──────── Material for this exercise ────────

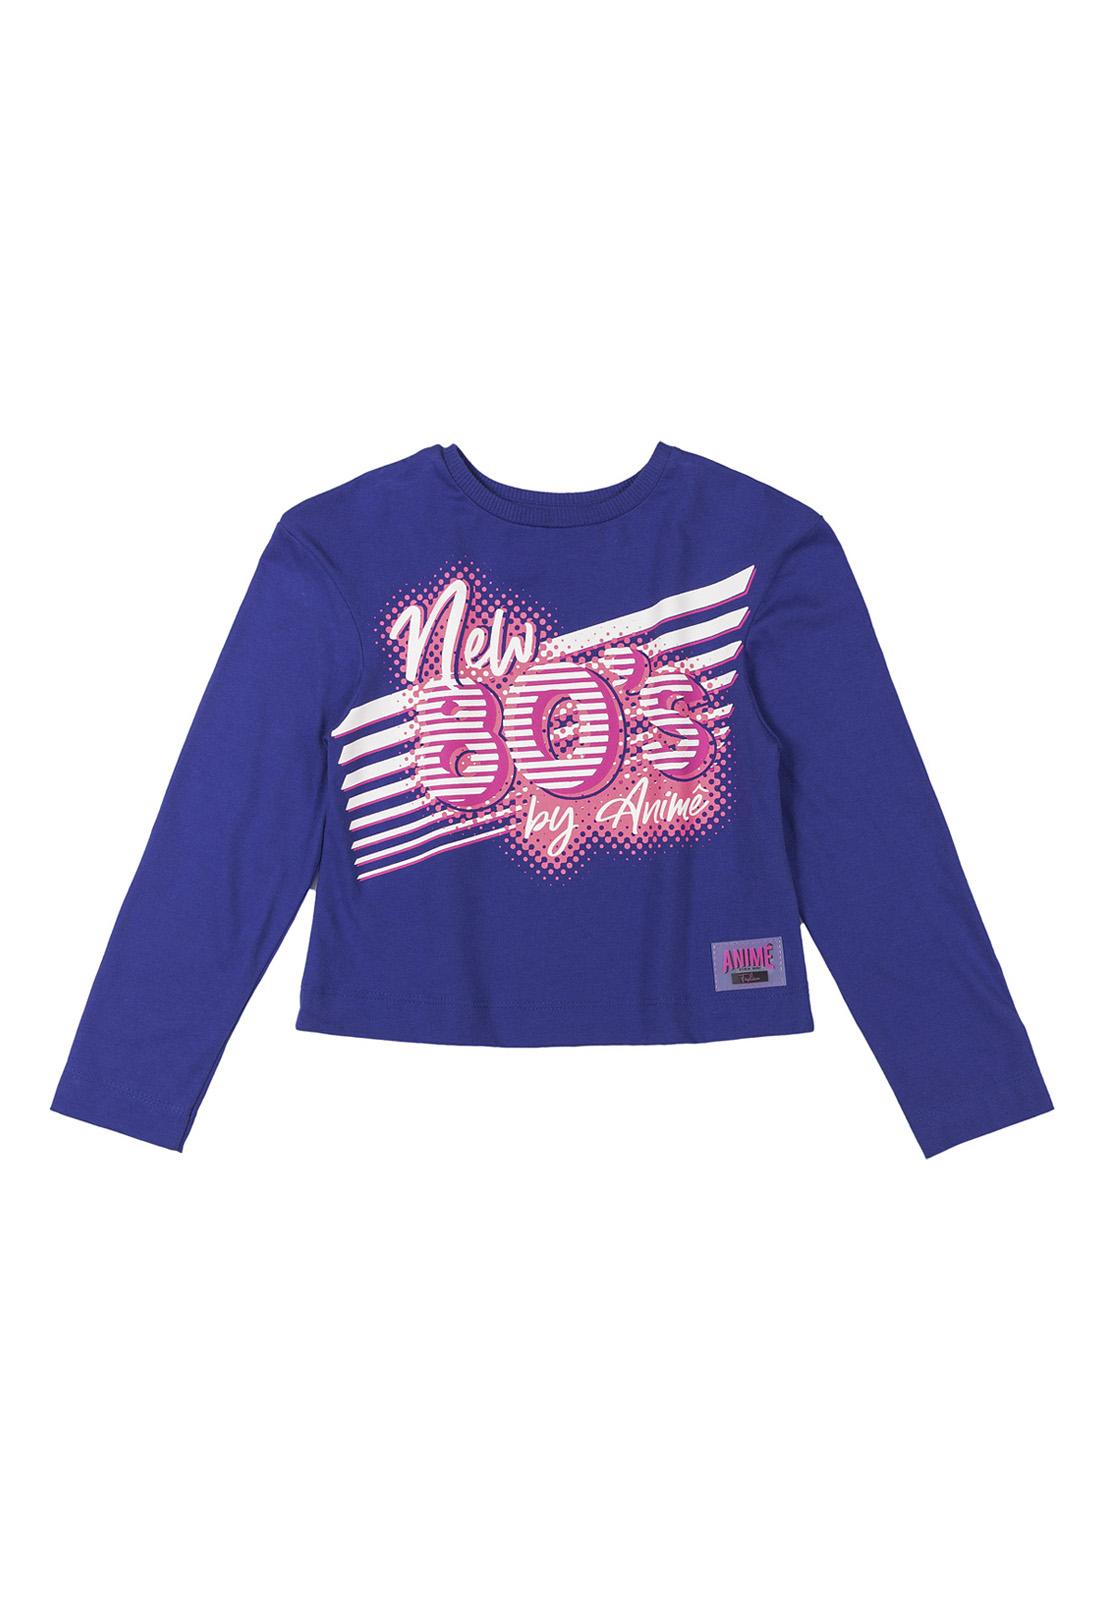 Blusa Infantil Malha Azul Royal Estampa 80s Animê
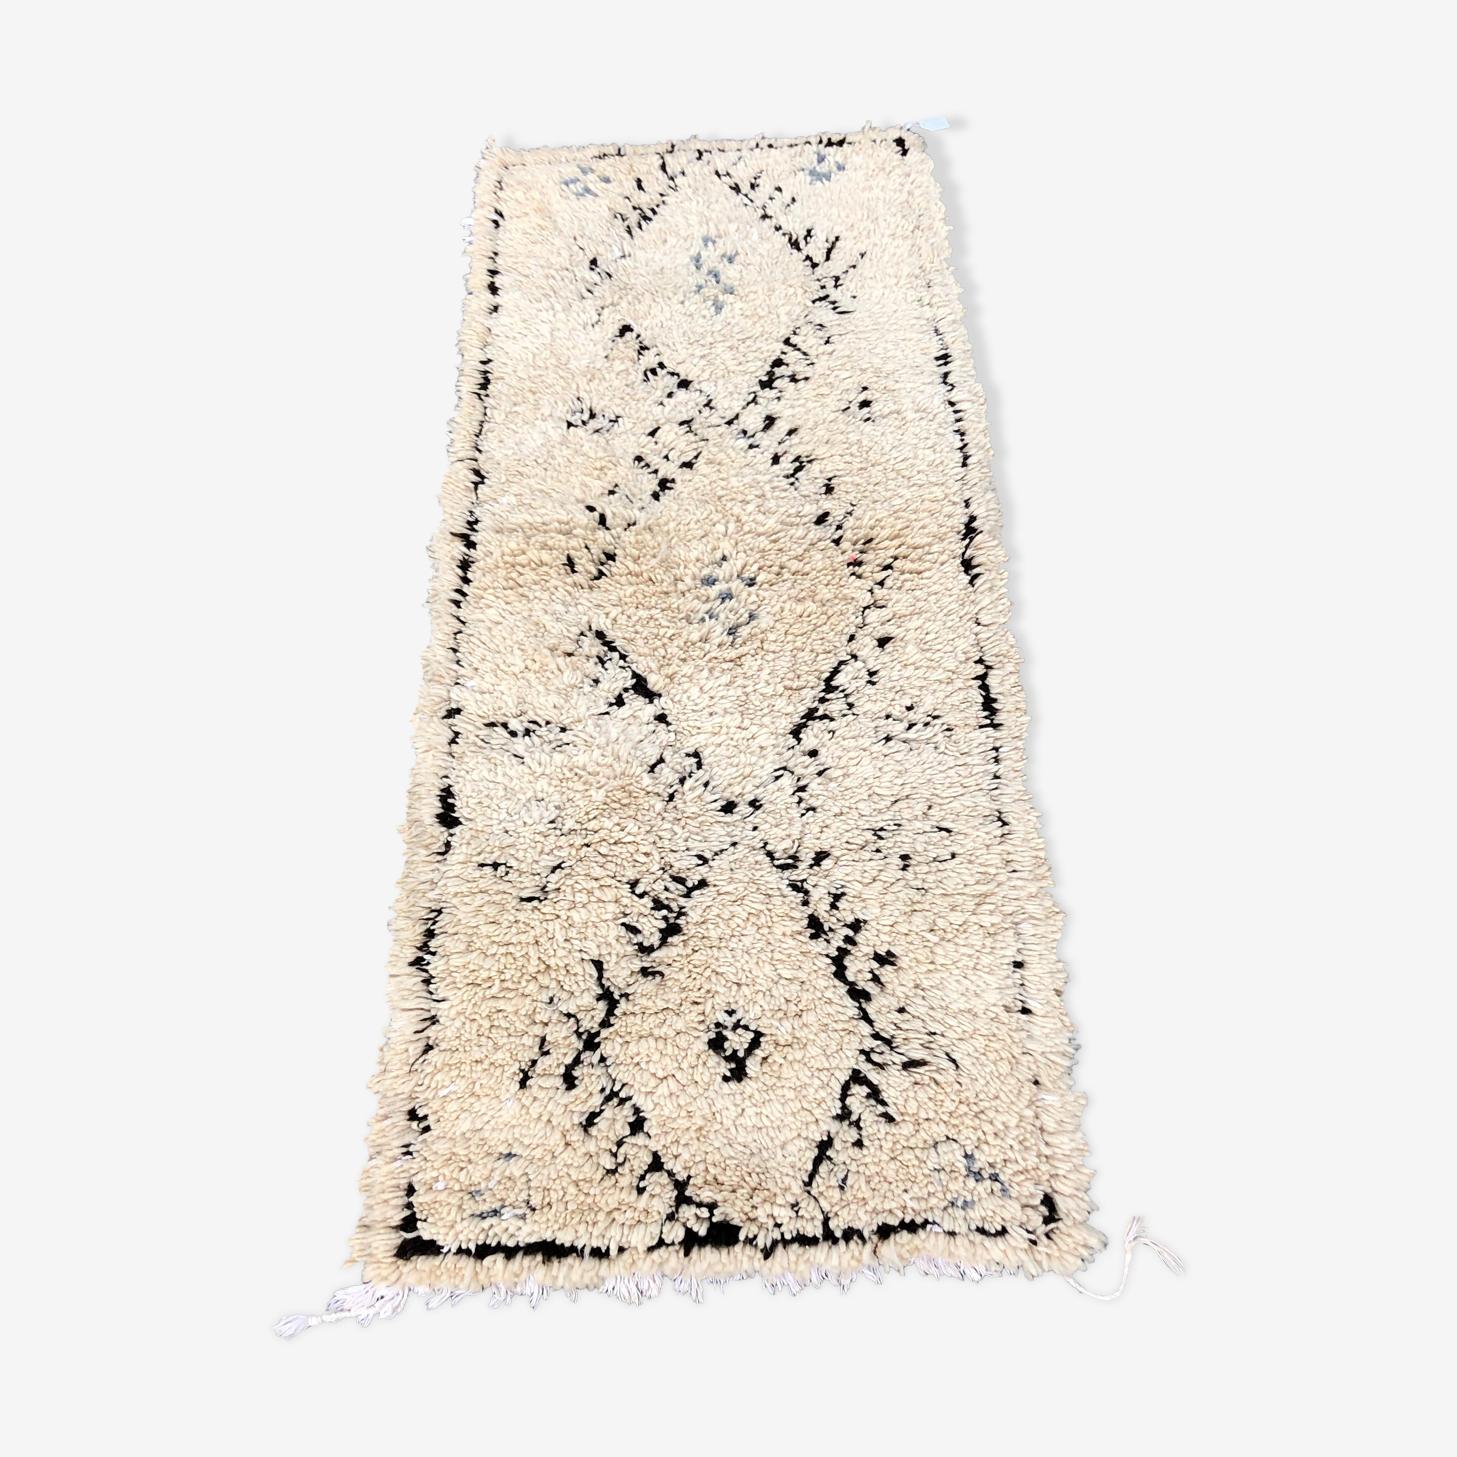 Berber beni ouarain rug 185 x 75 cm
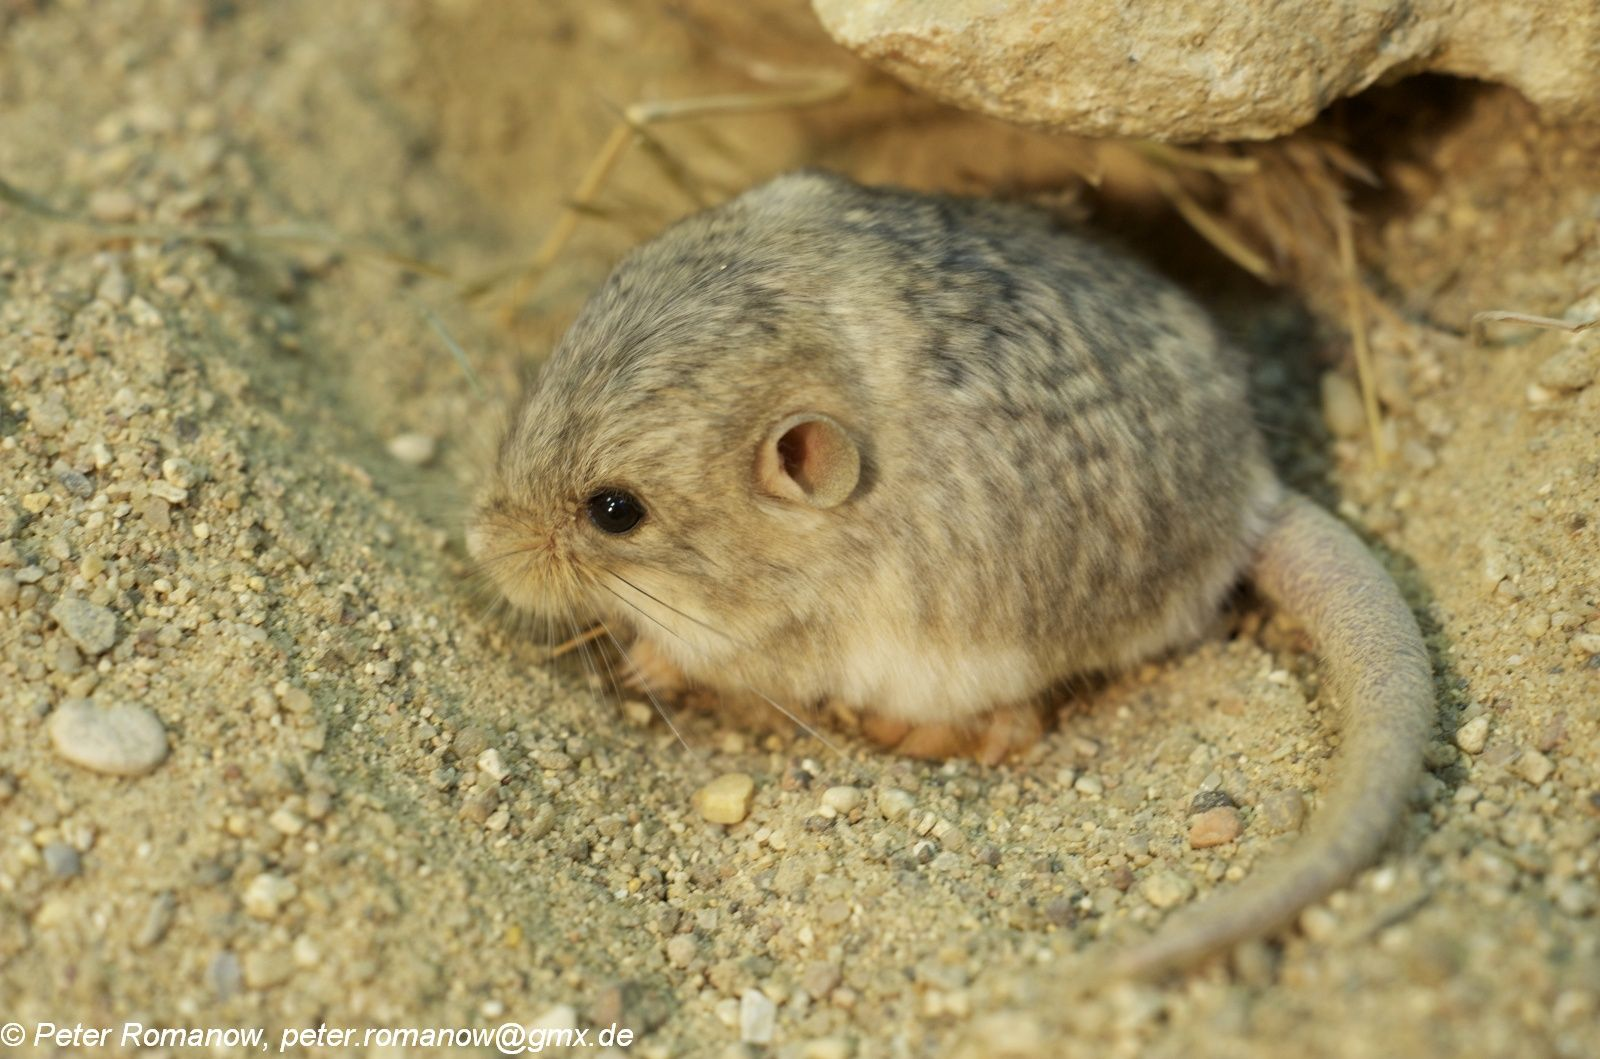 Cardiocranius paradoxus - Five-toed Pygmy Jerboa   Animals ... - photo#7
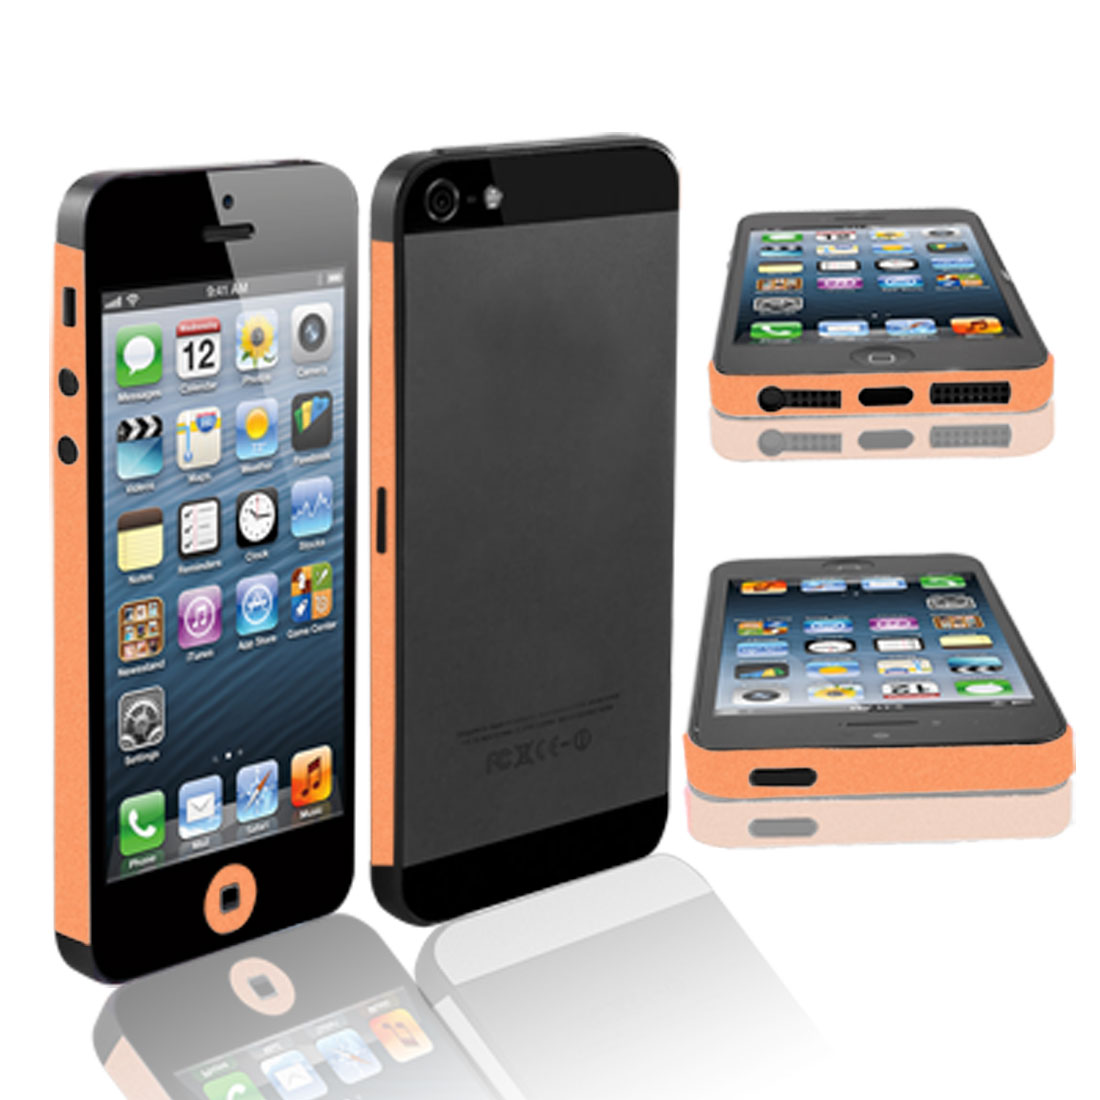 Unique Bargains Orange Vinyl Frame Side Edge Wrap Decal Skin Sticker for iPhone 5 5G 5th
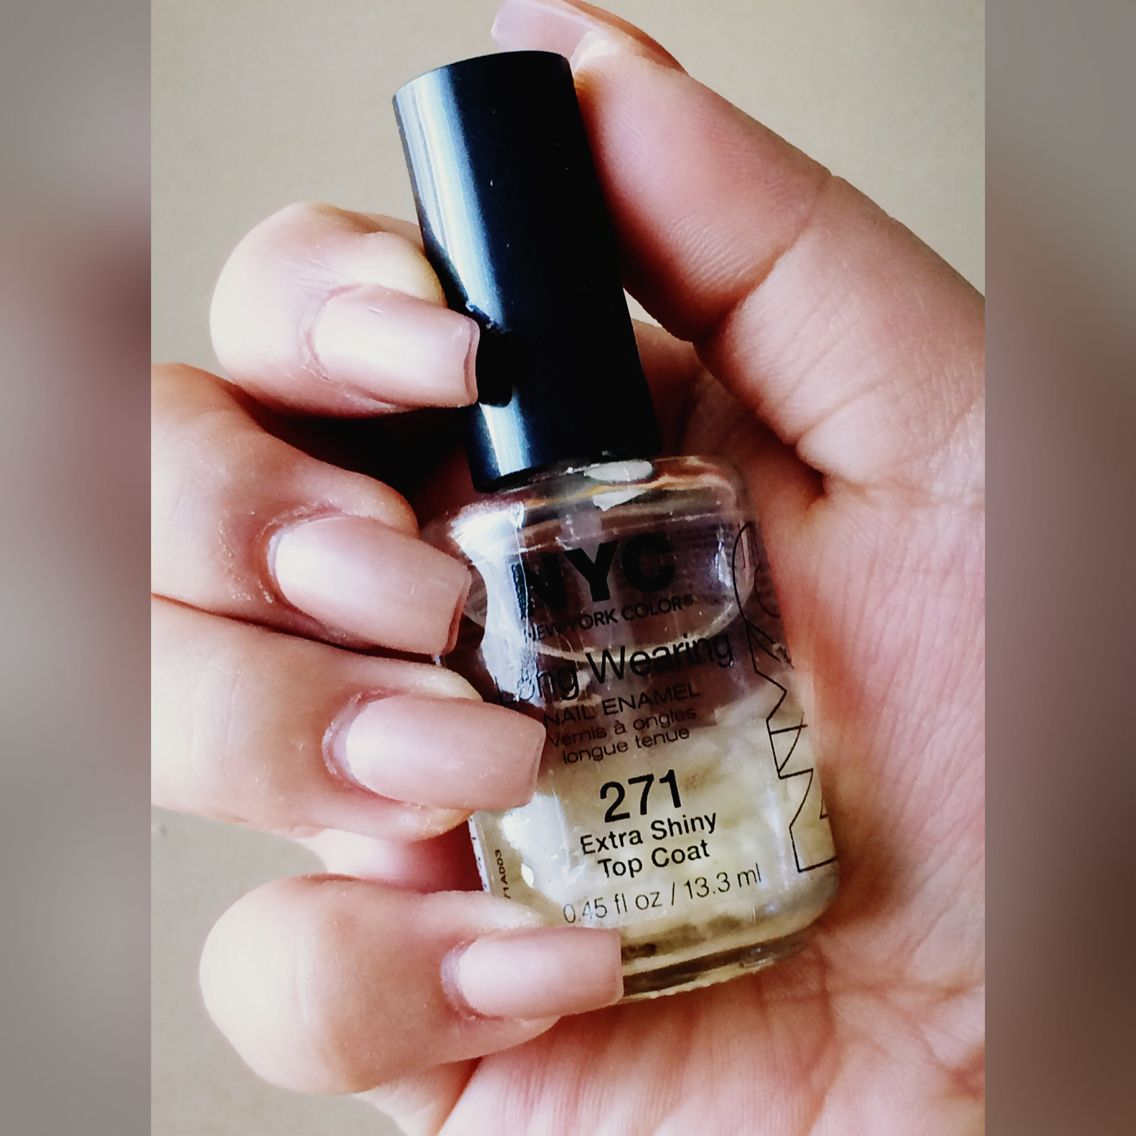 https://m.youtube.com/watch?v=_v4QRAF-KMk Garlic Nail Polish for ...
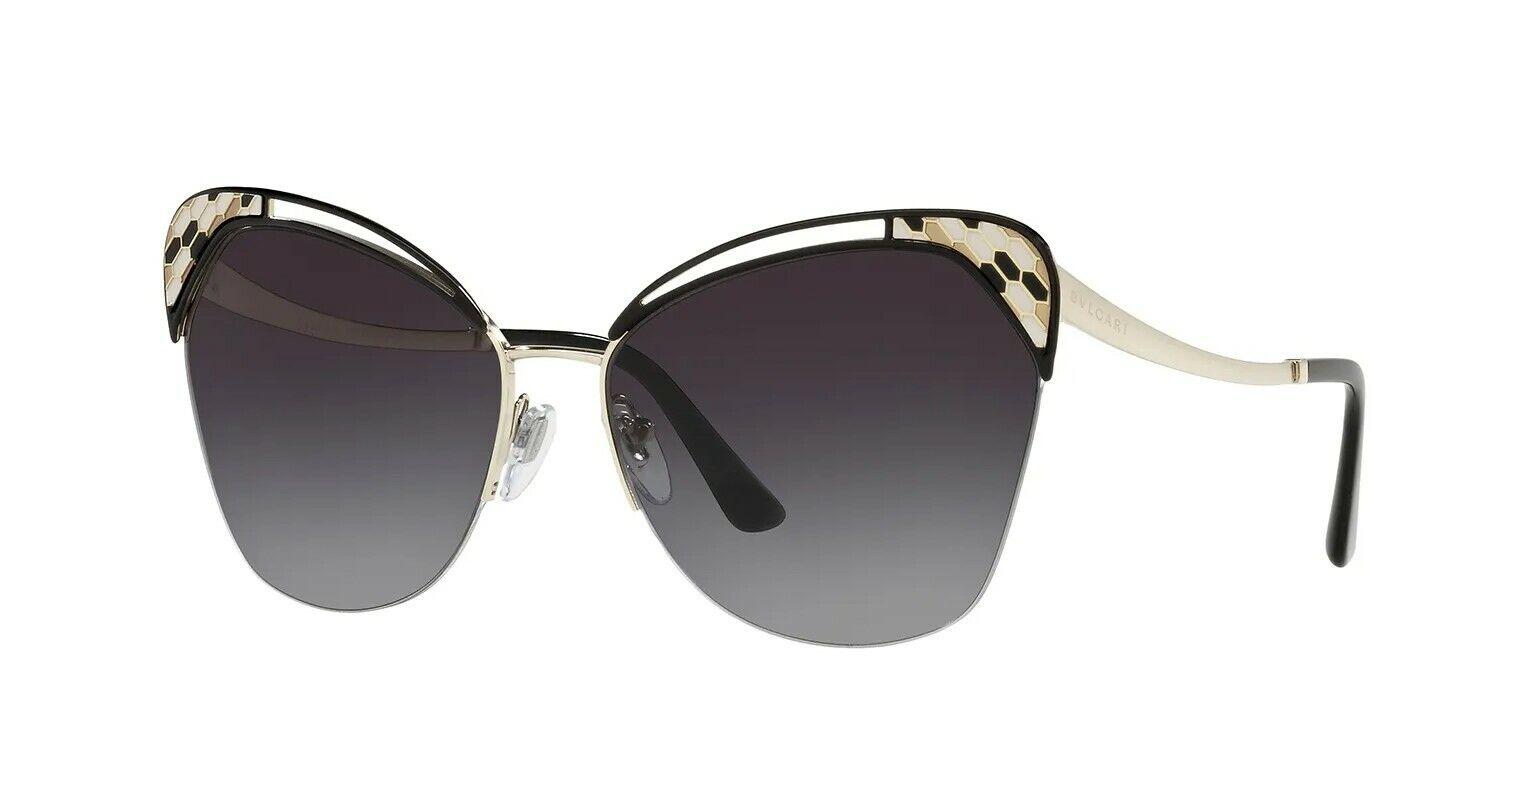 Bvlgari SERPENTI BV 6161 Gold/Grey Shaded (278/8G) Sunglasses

────────

> About this task: Give back an exact copy of only the lines from the one with "Cardiocranius paradoxus - Five-toed" through the final line of the material, both included. Pictures do not belong in it.

> Your solution:
 Cardiocranius paradoxus - Five-toed Pygmy Jerboa   Animals ... - photo#7
 Unique Bargains Orange Vinyl Frame Side Edge Wrap Decal Skin Sticker for iPhone 5 5G 5th
 https://m.youtube.com/watch?v=_v4QRAF-KMk Garlic Nail Polish for ...
 Bvlgari SERPENTI BV 6161 Gold/Grey Shaded (278/8G) Sunglasses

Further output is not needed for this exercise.